Moreover, in the event that the MHC converts to stock form in a
Conversion Transaction, any options or other convertible securities held by an
officer, director or employee of the Company, convertible into shares of Common
Stock shall become options to purchase or convertible into shares of the
converted MHC; provided, however, that if such options or convertible shares
cannot be so reconstituted, the holders of such options or other convertible
securities shall be entitled to receive cash payment for such shares in an
amount equal to the offering price of the number of shares of the converted MHC
into which such securities would otherwise be converted, less the exercise price
of such options of other convertible securities. Any such exchange or redemption
of these securities will
35
<PAGE>
be subject to the written approval of the OTS, and there can be no assurance
that such approval would be obtained. In addition, the OTS may place
restrictions on the Company's or the MHC's ability to purchase Common Stock that
are more restrictive than the OTS regulations governing capital distributions.

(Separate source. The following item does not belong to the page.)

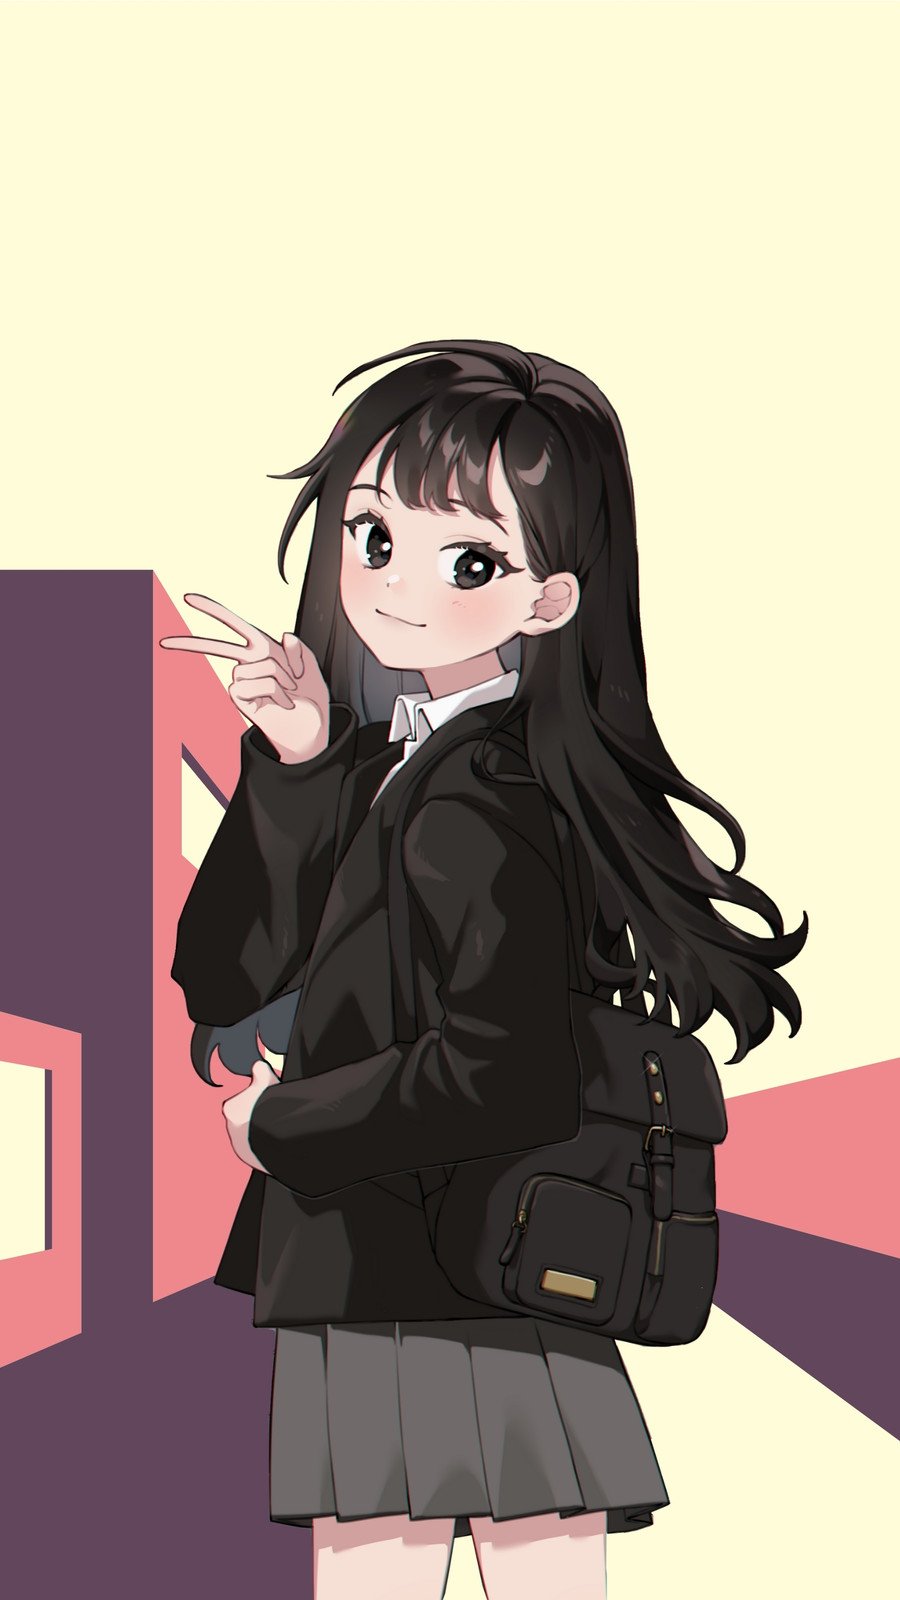 Premium AI Image  A sad anime character with a black hoodie.

The fair market value of the common stock of the converted MHC shall be
established by the independent appraisal utilized in the Conversion Transaction
pursuant to the OTS regulations governing conversions However, there is no plan,
agreement or understanding with respect to such a conversion, and there can be
no assurance that such a conversion will occur.
Further, if the MHC were to undertake a Conversion Transaction, and in
connection therewith additional shares of stock of the converted MHC were
proposed to be contributed to the Foundation, any Conversion Transaction and
contribution of additional shares of Common Stock to the Foundation will be
voted on as separate matters and both matters will require the approval of (i) a
majority of the total outstanding vote of the members of the MHC eligible to be
cast and (ii) a majority vote of the total outstanding shares of Common Stock
held by stockholders other than the MHC and the Foundation.
MARKET FOR THE COMMON STOCK
The Company and the Bank have never issued capital stock, and,
consequently, there is no established market for the Common Stock at this time.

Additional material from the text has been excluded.